◆ **Prompt**
Your answer must be an exact copy of the data below, minus any pictures.

◆ **Dataset content**

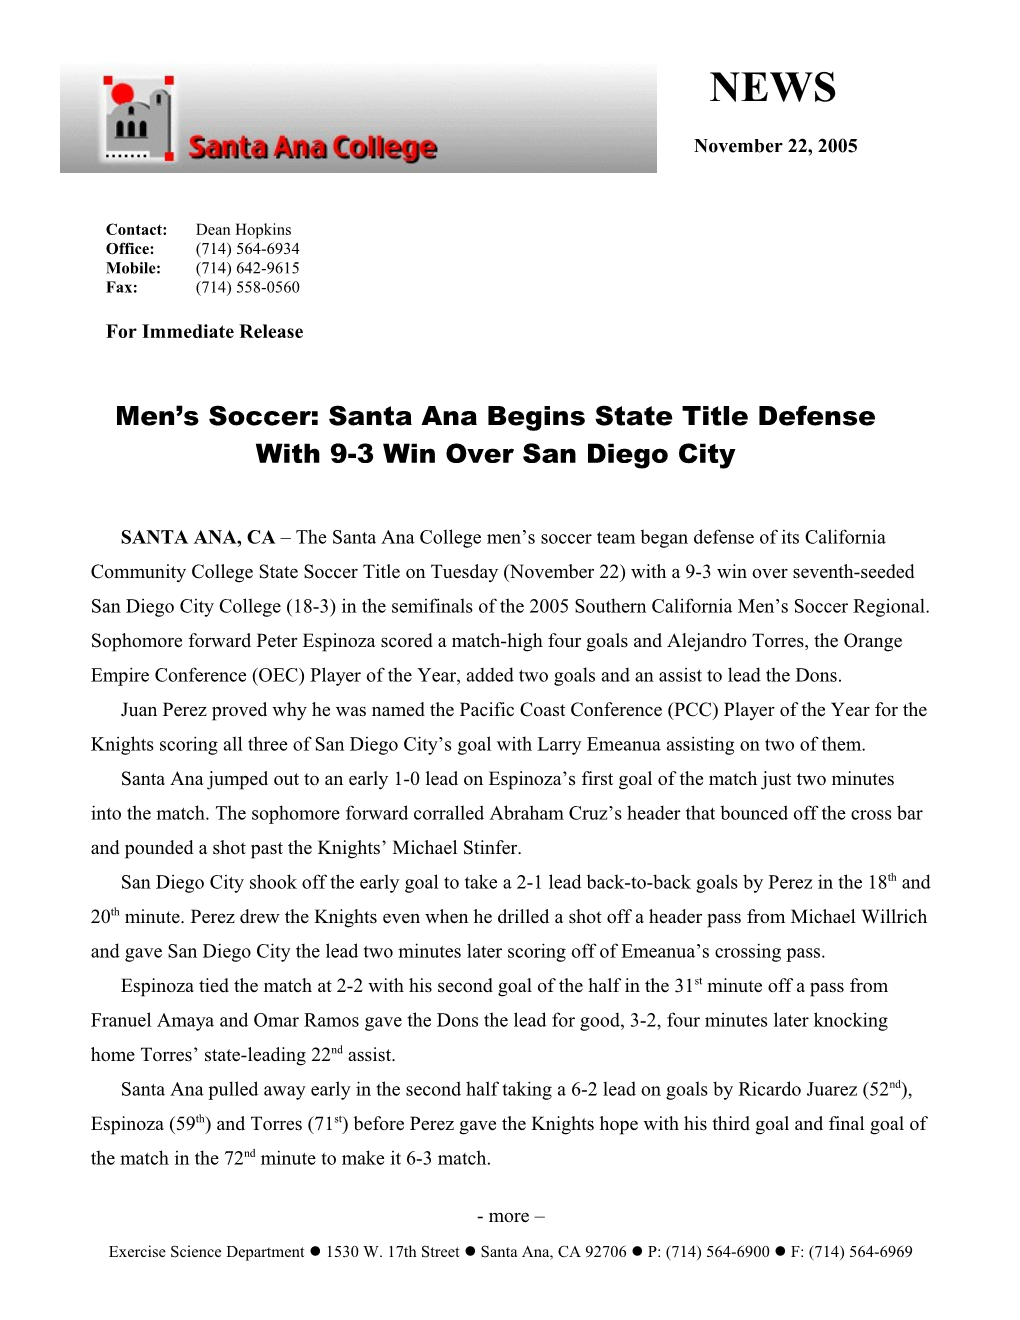 Men S Soccer: Santa Ana Begins State Title Defense with 9-3 Win Over San Diego City
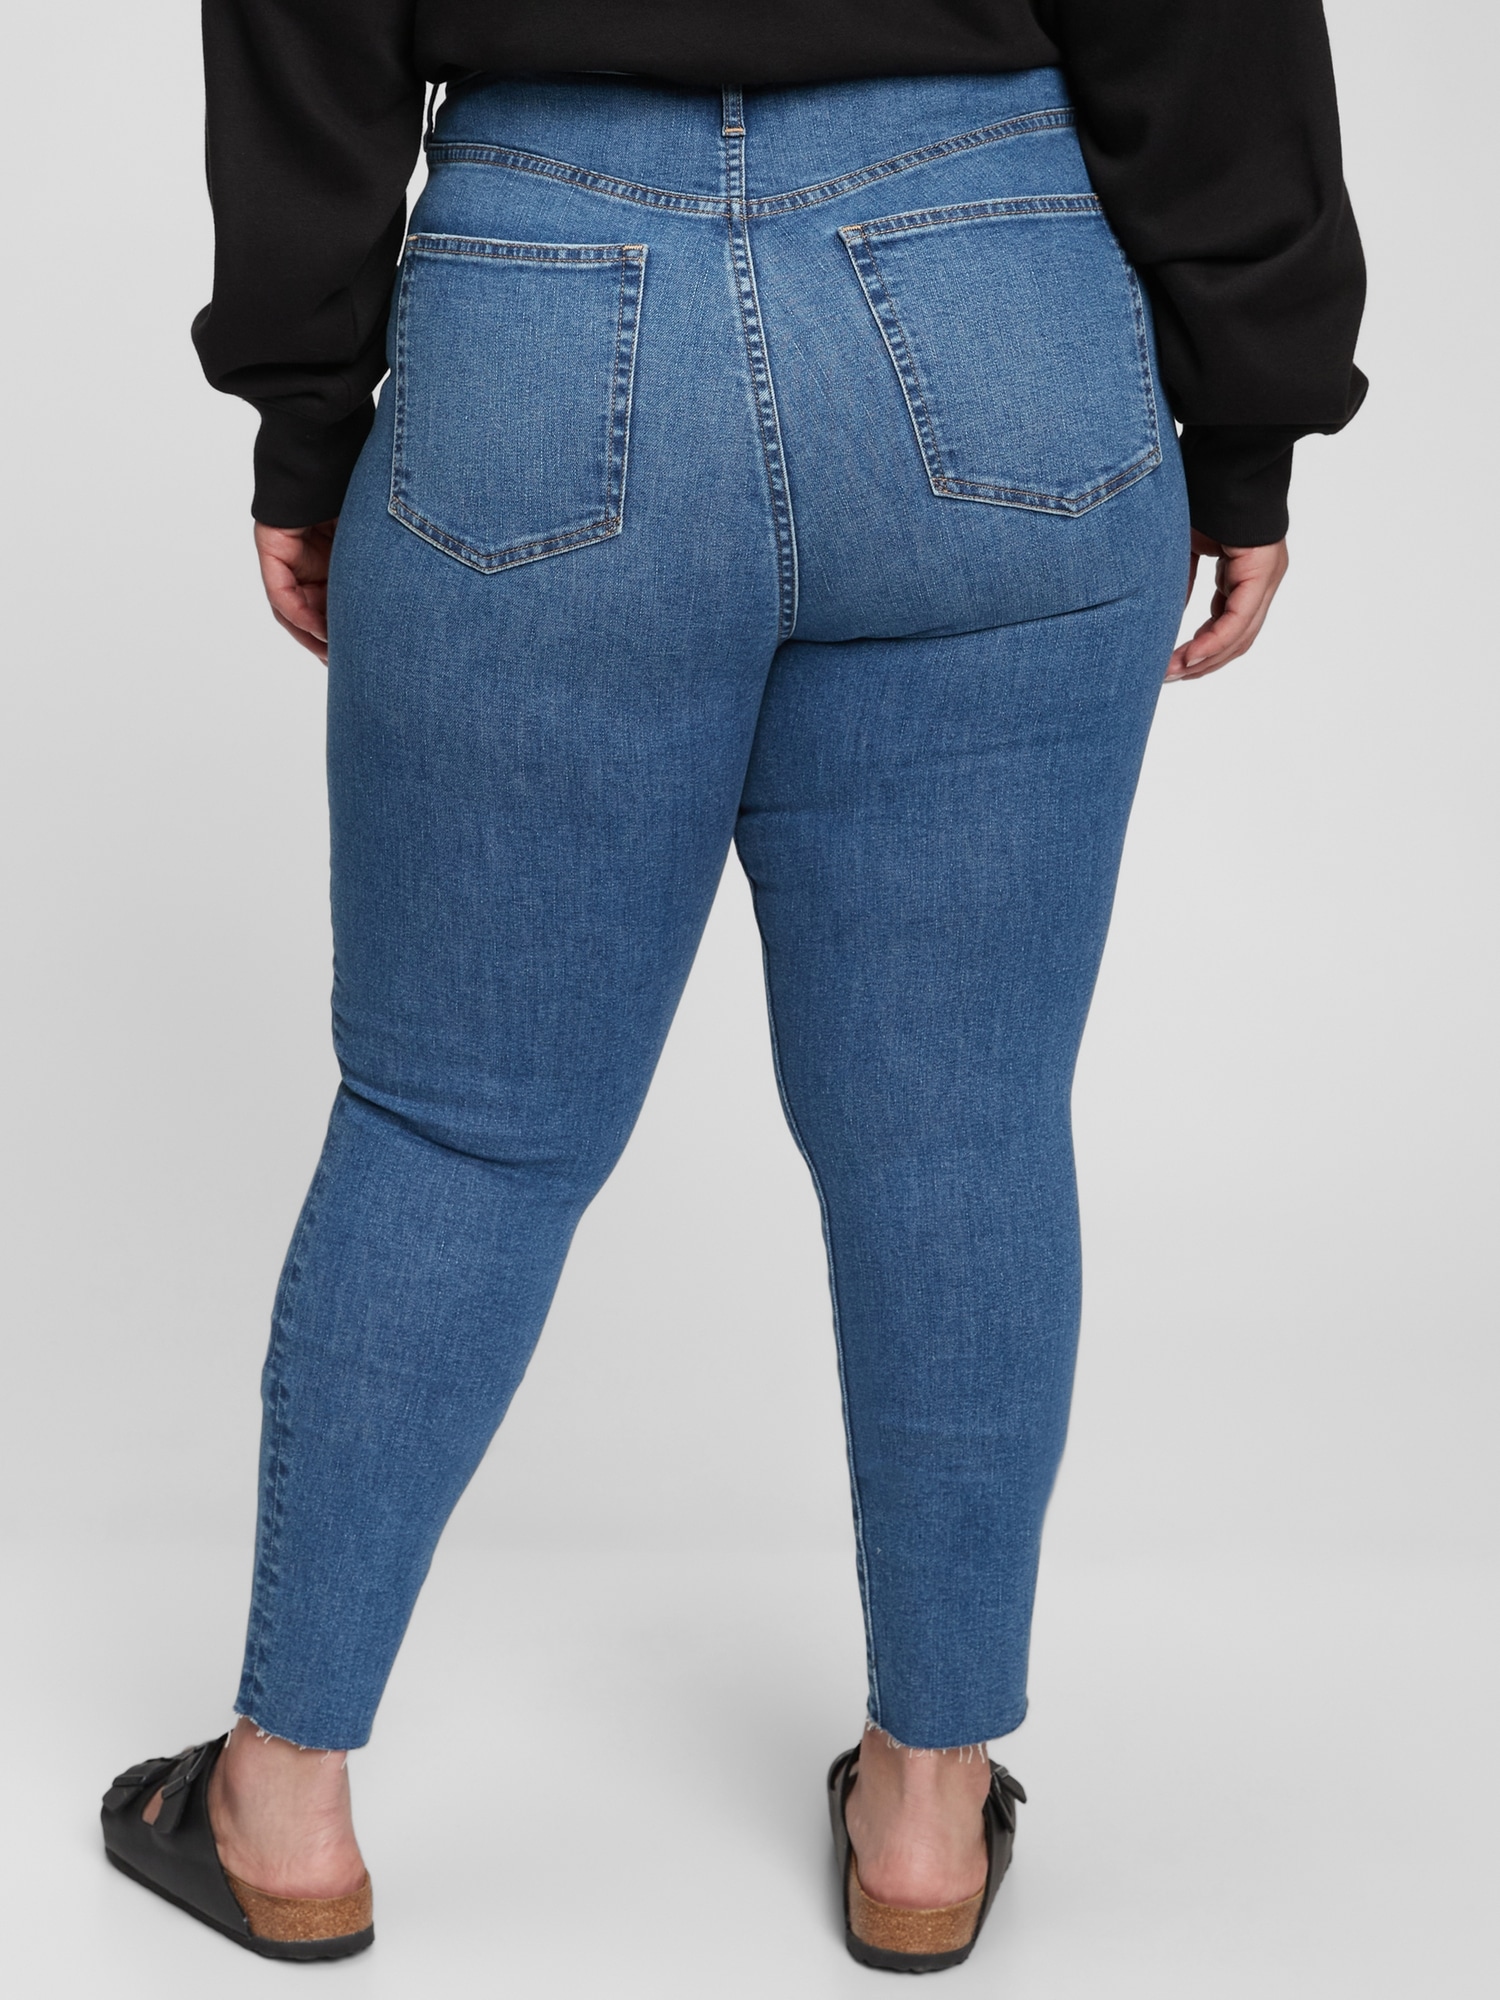 Real Denim High-Waisted Slim & Thick Curvy Jegging
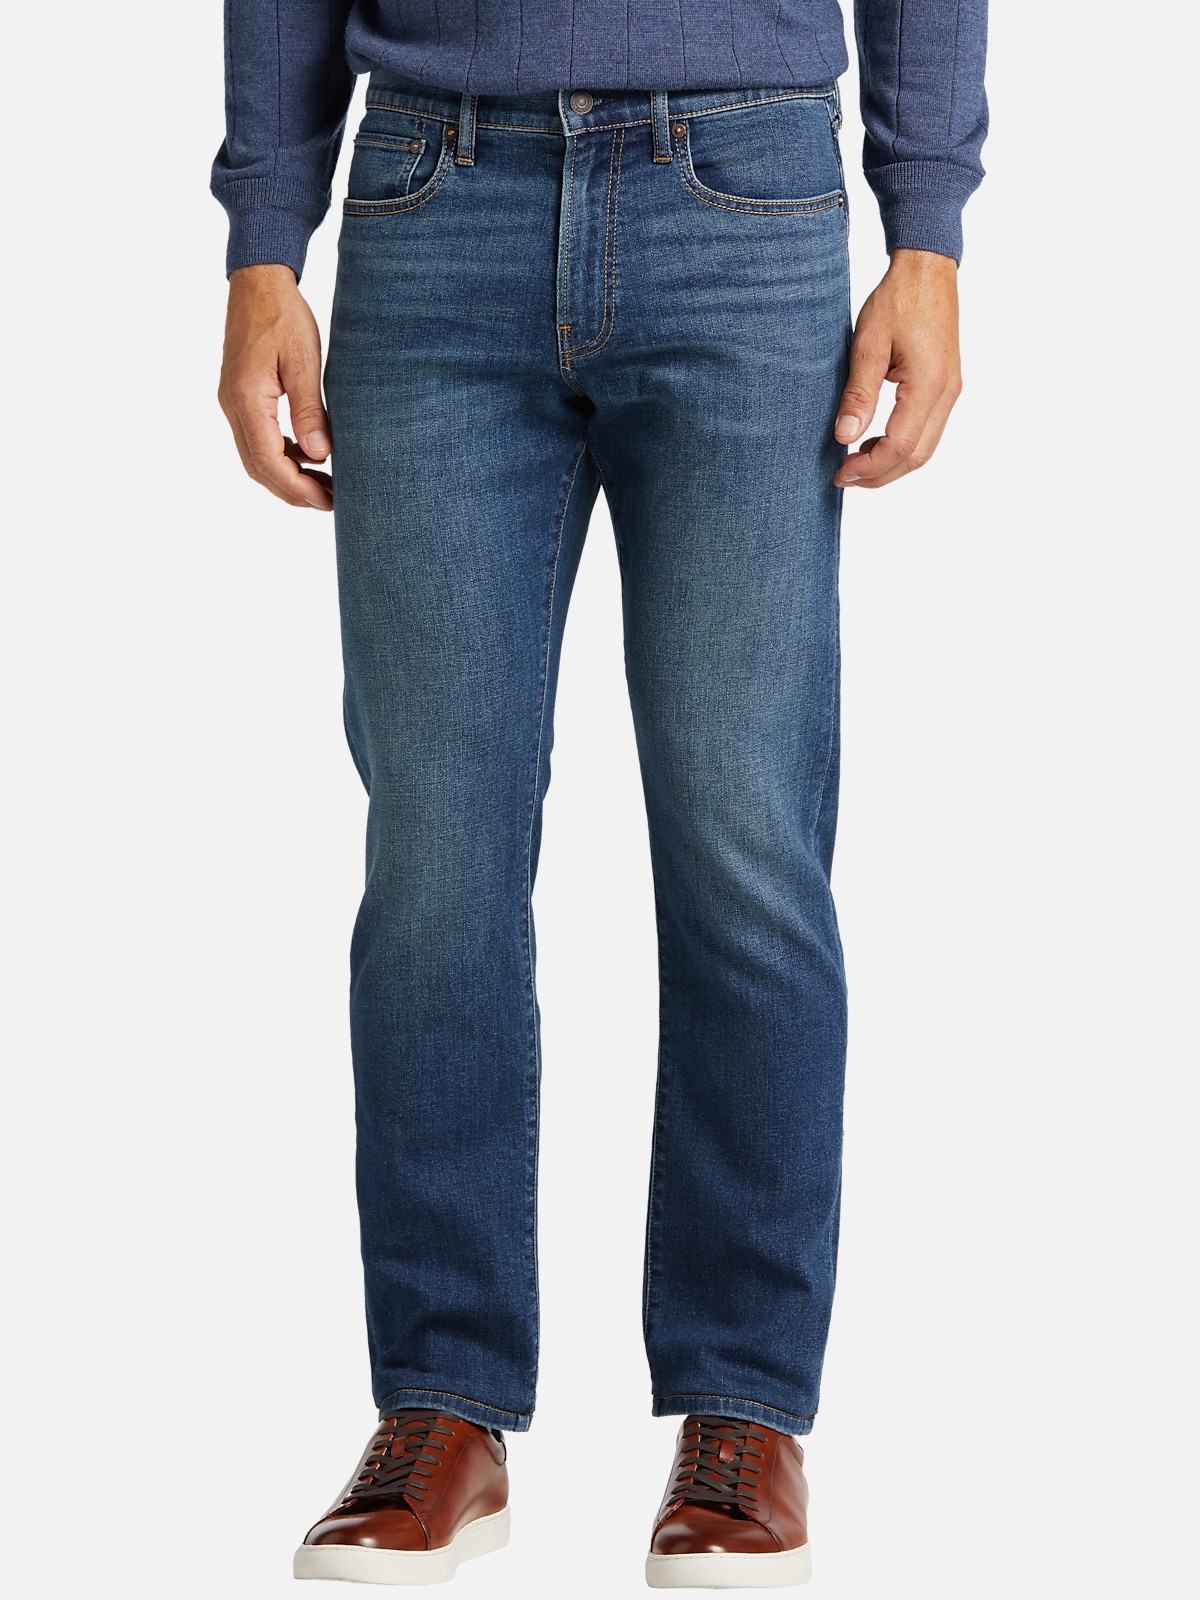 Lucky Brand 410 Suffolk Athletic Fit Jeans | All Sale| Men's Wearhouse

◆ **Solution for this task**
 Men S Soccer: Santa Ana Begins State Title Defense with 9-3 Win Over San Diego City
 Real Denim High-Waisted Slim & Thick Curvy Jegging
 Lucky Brand 410 Suffolk Athletic Fit Jeans | All Sale| Men's Wearhouse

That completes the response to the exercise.